Добавить в цитаты Настройки чтения

Страница 10 из 10

— Иногда, ваше величество, и в подневольном браке муж с женой исподволь сживаются, — заметил Головкин.

— А что, Гаврила, должно быть, ты такой брак затеваешь, если московскую старину стал подхваливать? — шутливо спросил Петр.

— Замышлять не замышляю, а случиться может. Метит, сказать по правде, на младшую мою дочурку князь Никита Юрьевич Трубецкой[47], да не знаю, как сладится. Стар он для Настюшки. Спрашивал я ее как-то, хочет ли она пойти за него, а она отвечает: «Мне все равно, батюшка, как твоя воля будет». Она такая у меня мирная и покорная, а Аннушка, ваше величество, потверже будет; были у нее подходящие женихи, да упрямится, а младшую прежде старшей венчать как-то не приходится, из-за нее и Настенька в девках сидит. Уж не знаю, как полажу с нею, а насчет Павла Ивановича — кажись, он ей не противен. А в случае ее отказа ты, государь, ее заставь, для тебя она и против своей охоты пойдет за графа.
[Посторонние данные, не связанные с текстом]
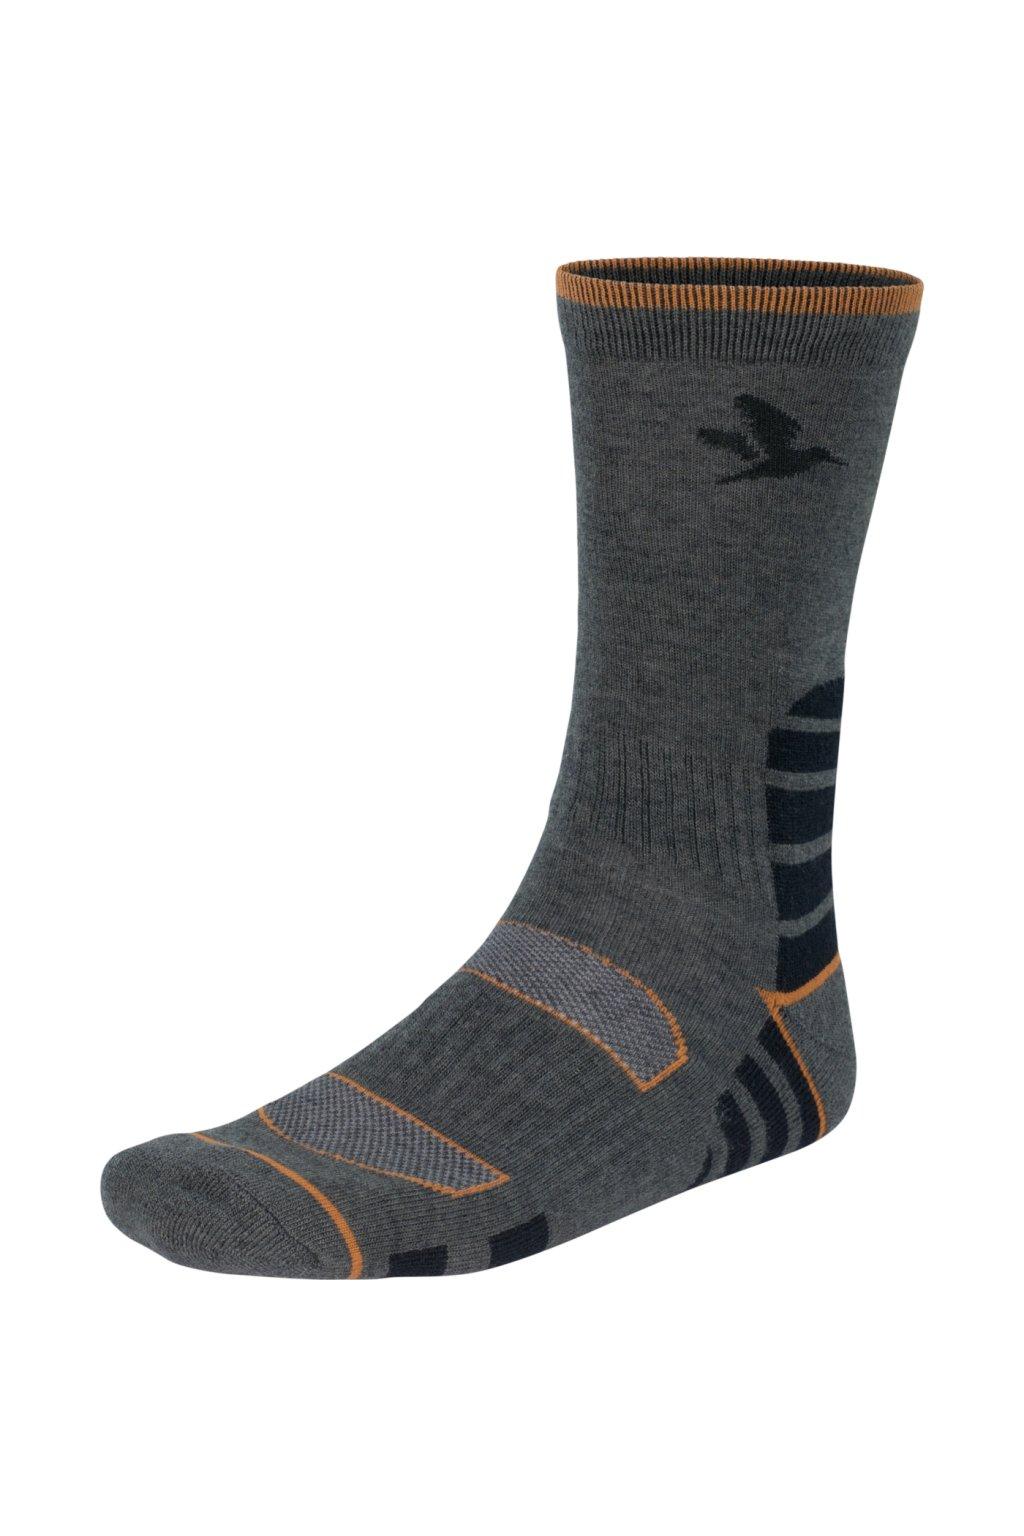 Seeland - ponožky Hawker stalking
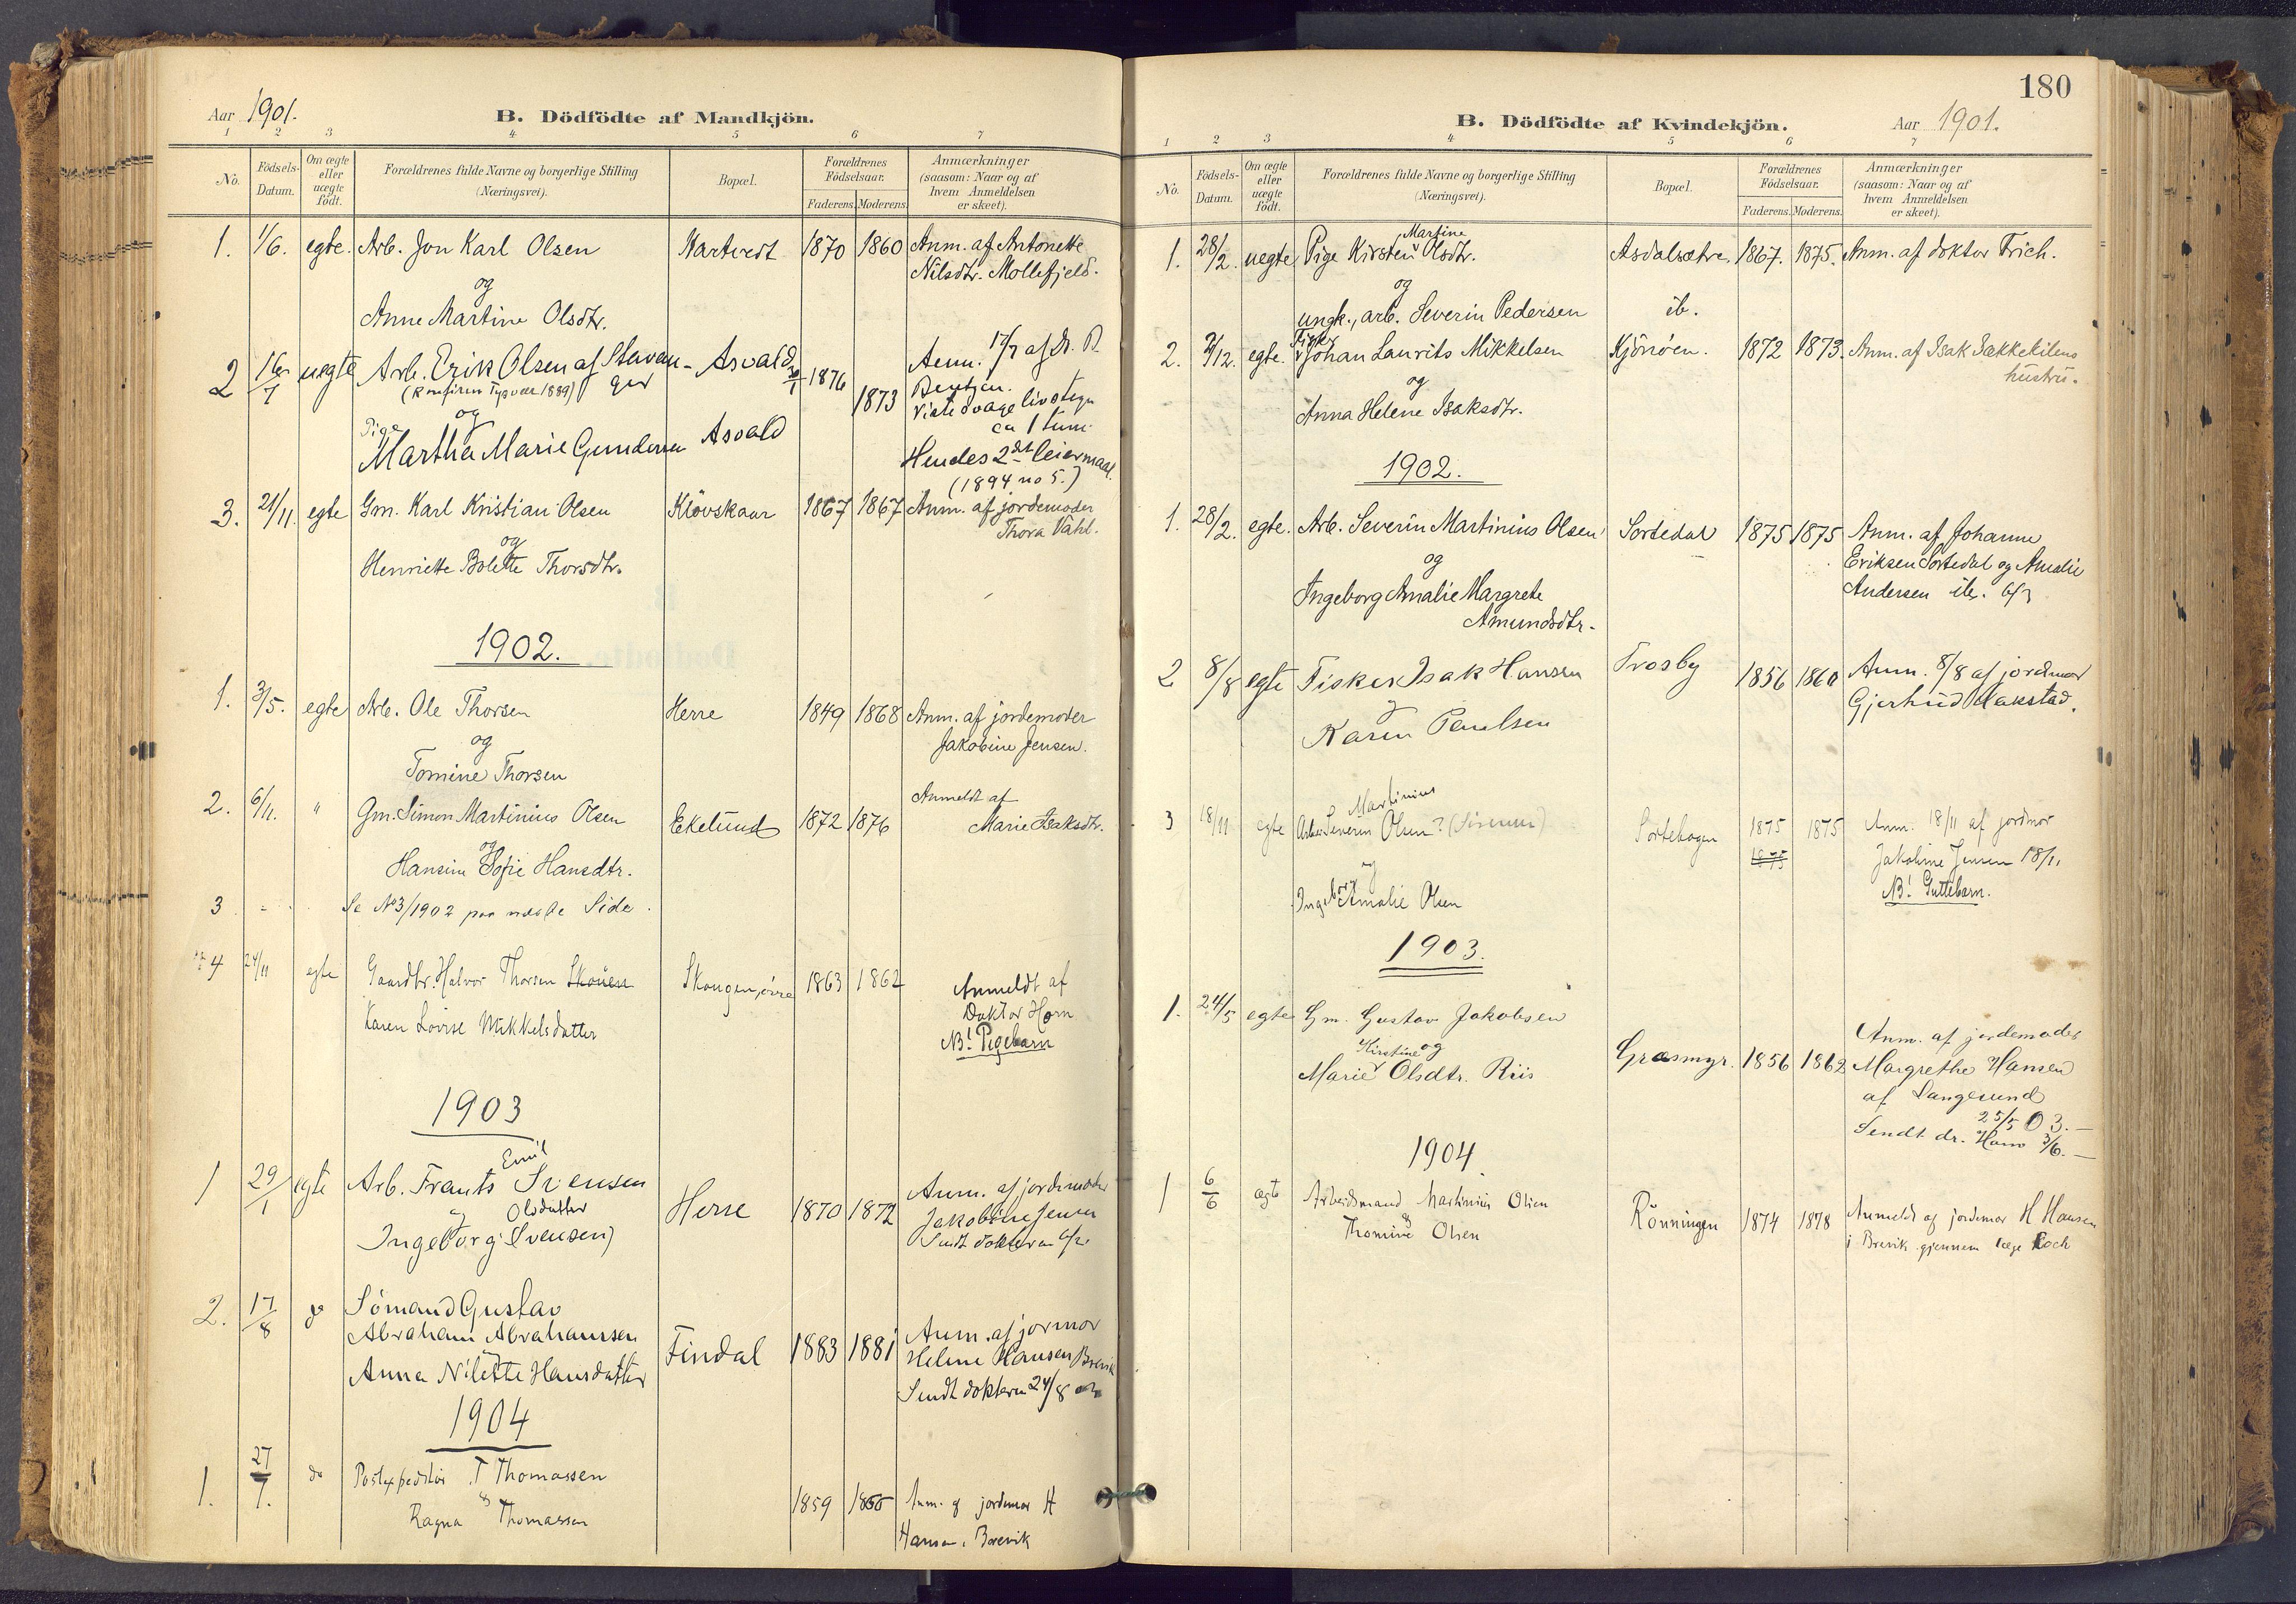 SAKO, Bamble kirkebøker, F/Fa/L0009: Ministerialbok nr. I 9, 1901-1917, s. 180

— С чего я буду ее приневоливать? Издал я, как тебе сейчас напомнил, указ против принудительных браков, издал и обязан наказывать нарушителей его, а от них же, Господи, первый есмь аз! — смиренно добавил Петр. — Берусь я за сватовство, да при этом забываю, что у нас воле царской воспротивиться никто не посмеет и что Аннушка, если не желает, все-таки выйдет за Ягужинского. Насильствую, пользуясь моею властью, ее девическую волю. Вот тебе и указ! Позови-ка ее ко мне, а я поговорю с ней сам, да вели ей, кстати, поднести мне и чарочку анисовки.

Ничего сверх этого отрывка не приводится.